Page 370 - Beers With Our Founding Fathers
P. 370
Beers with our Founding Fathers
The history of international law and treaties is long and
complex, and bureaucratically political. Unlike our Country’s history,
we do not have to go any further back than the League of Nations to
begin to see the problems we have today. Chartered from the end of
World War I (1919) to the end of World War II (1946), it was the first
international body for security and disarmament. Although the
United States was the dominant country in developing the League of
Nations, the Senate did not ratify the charter amid concerns of its
weaknesses and reliance solely on member countries to respond ad
hoc to international crises. When several actions of Japan and
Germany, including invasions of other countries, could not be
stopped in the 1930’s, and the recognized legitimacy and survival of
the League of Nations was in doubt and all but abandoned by the
beginning of WW II. These events were possible because the
League of Nations did not have any international policing authority
or enforcement, particularly its own policing; relying on members to
deploy troops as needed, and therefore had no real teeth in the
enforcement of its charter.
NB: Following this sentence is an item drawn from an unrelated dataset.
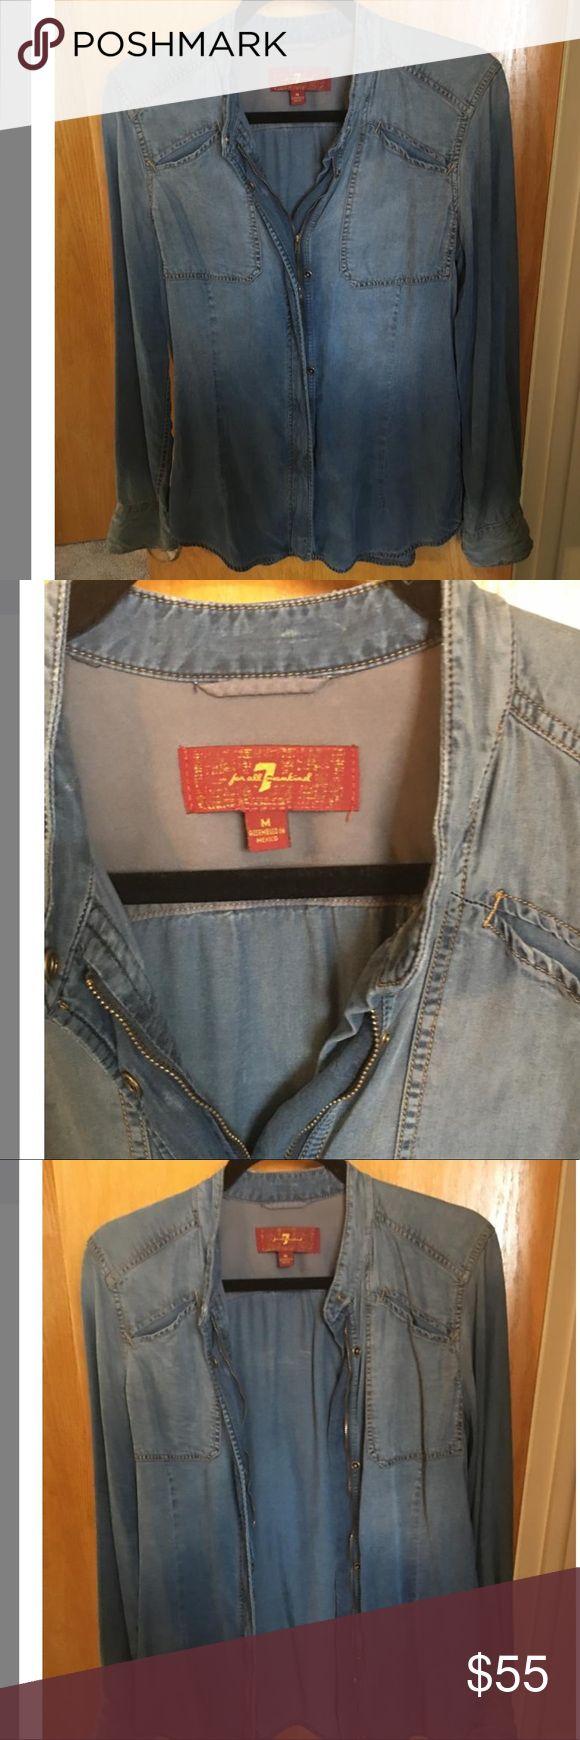 7 FAM Denim shirt Very soft, great quality denim zip up denim shirt 7 For All Mankind Tops Tunics

The League of Nations was quickly seen
as the debacle it was and dissolved in favor of the current United
Nations in 1946, with the same essential intent. The United Nations
was modeled after the former League of Nations, but with increased
international support and extensive machinery to help the new
body avoid repeating the League of Nations failures. Although with
the best of intentions, the United Nations has transformed into an
international socialist experiment that has long abandoned its
mandate; similar to unions and civil activist groups.